The CEO of Israel-based surveillance company NSO Group has claimed that Facebook proposed to buy its malicious software Pegasus in 2017 to snoop on Apple iOS users.
In court documents filed during an ongoing lawsuit in which Facebook has sued the NSO Group for snooping on WhatsApp users last year including in India, NSO CEO Shalev Hulio claimed that "two Facebook representatives approached NSO in October 2017 and asked to purchase the right to use certain capabilities of Pegasus".
According to a report in Vice on Saturday citing court documents, "it seems the Facebook representatives were not interested in buying parts of Pegasus as a hacking tool to remotely break into phones, but more as a way to more effectively monitor phones of users who had already installed Onavo".
Onavo Protect – a Facebook's software that was going to get the functionality -- was billed as a piece of VPN software. Onavo was used primarily to gather information about what other apps Facebook users were using on their mobile devices.
"The Facebook representatives stated that Facebook was concerned that its method for gathering user data through Onavo Protect was less effective on Apple devices than on Android devices," according to the court filing.

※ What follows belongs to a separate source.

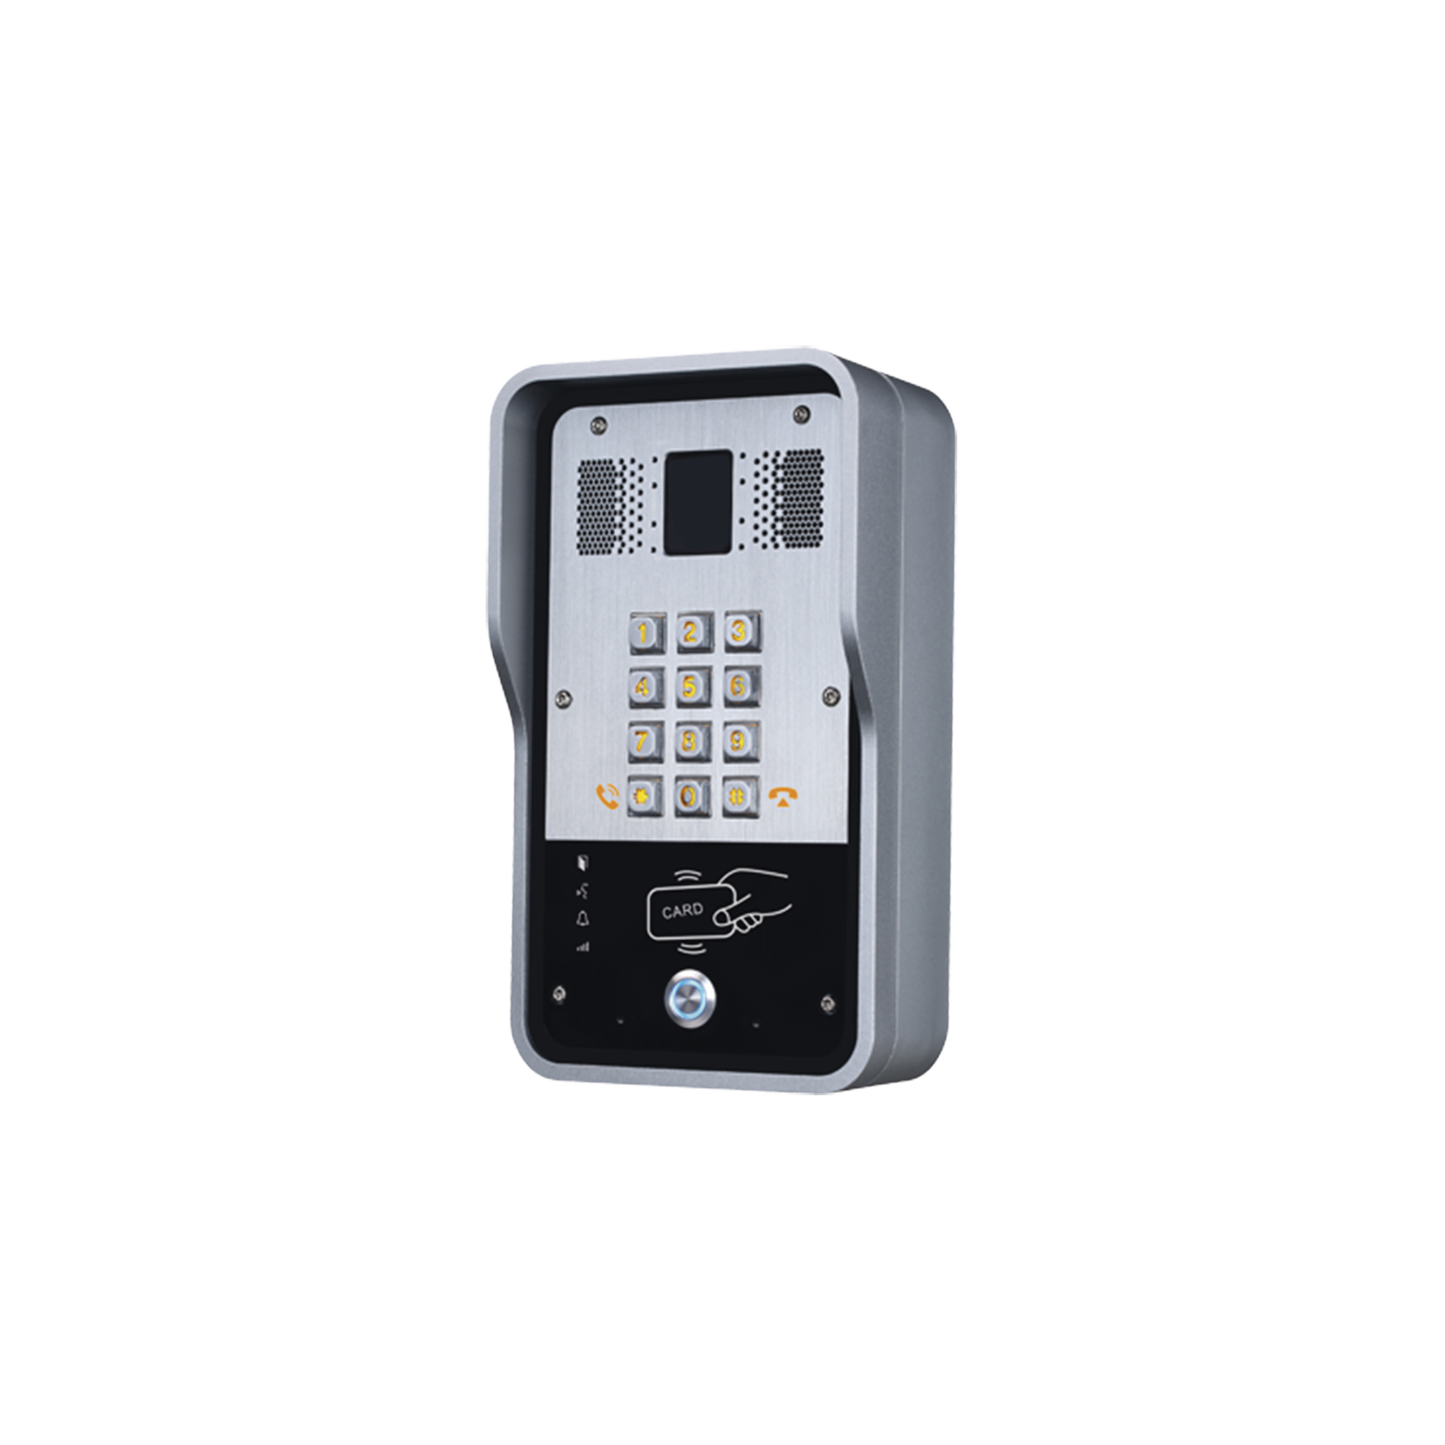 Audio Portero IP  2 líneas SIP con relevador integrado, Lector RFID para acceso por clave numérica, tarjeta o llamada remota, PoE
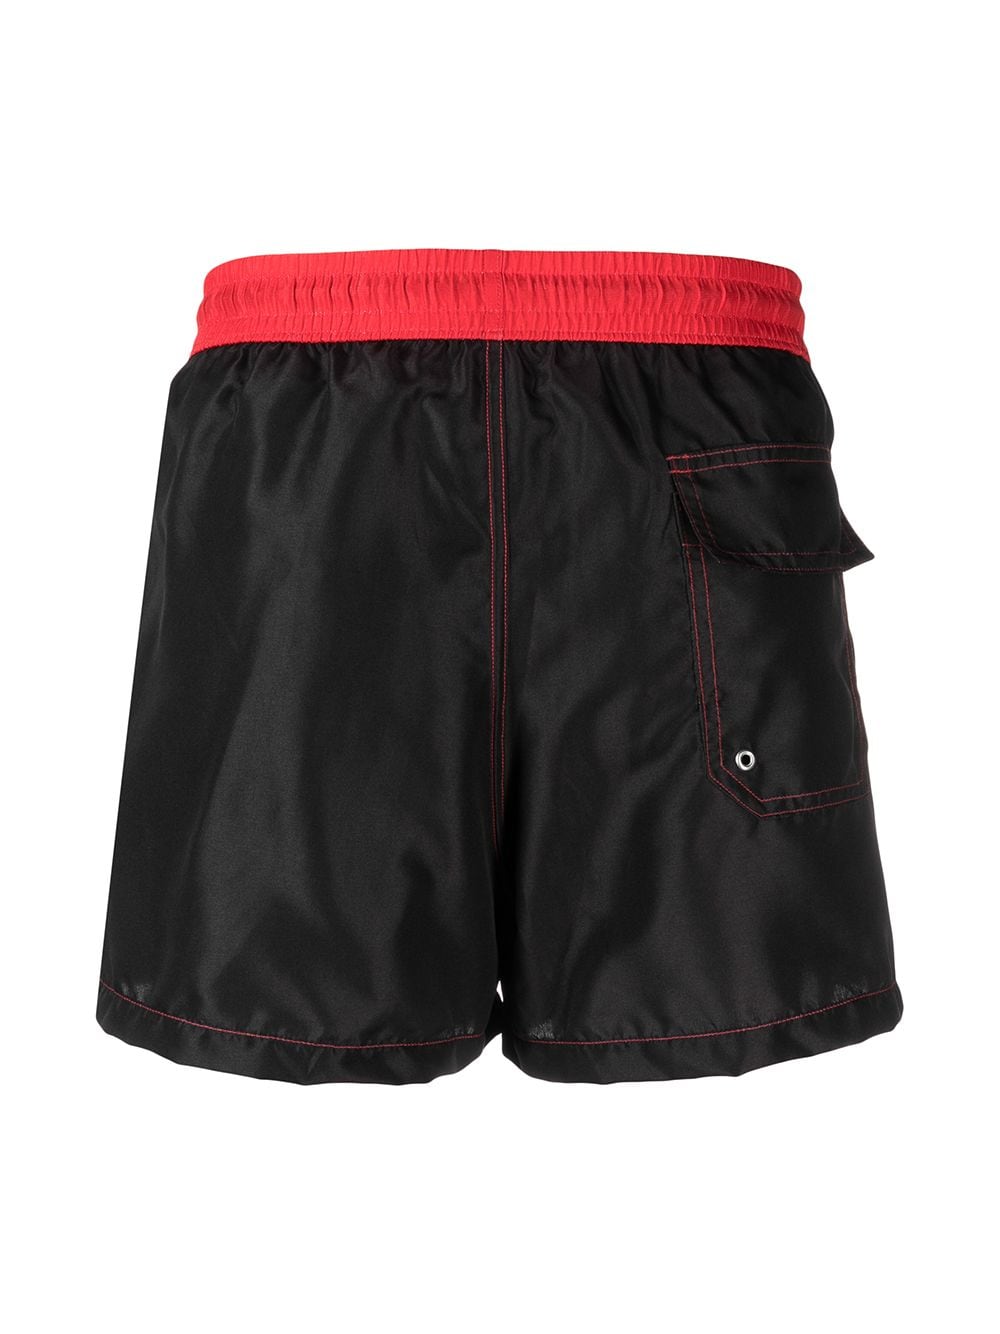 Pantaloncini da bagno bicolore rosso/nero

A Facebook spokesperson said in a statement that the NSO CEO is misrepresenting conversations between the company and Facebook employees.
"NSO is trying to distract from the facts Facebook and WhatsApp filed in court over six months ago. Their attempt to avoid responsibility includes inaccurate representations about both their spyware and a discussion with people who work at Facebook," the spokesperson said.
"Our lawsuit describes how NSO is responsible for attacking over 100 human rights activists and journalists around the world," the Facebook spokesperson added.
NSO has maintained that it sells Pegasus only to intelligence and law enforcement agency clients.
Apple last year forced Facebook to remove Onavo Protect from the App Store.
Facebook has even blamed Apple's operating system for the hacking of Amazon Founder and CEO Jeff Bezos' phone.
Investigators believe that Bezos's iPhone was compromised after he received a 4.4MB video file containing malware via WhatsApp -- in the same way when phones of 1,400 select people including journalists and human rights activists were broken into by Pegasus software from NSO Group last year.
In an interview to the BBC, Facebook's Vice President of Global Affairs and Communications, Nick Clegg, has said it wasn't WhatsApp's fault because end-to-end encryption is unhackable and blamed Apple's operating system for Bezos' episode.
The NSO Group has denied it was part of Bezos' hacking.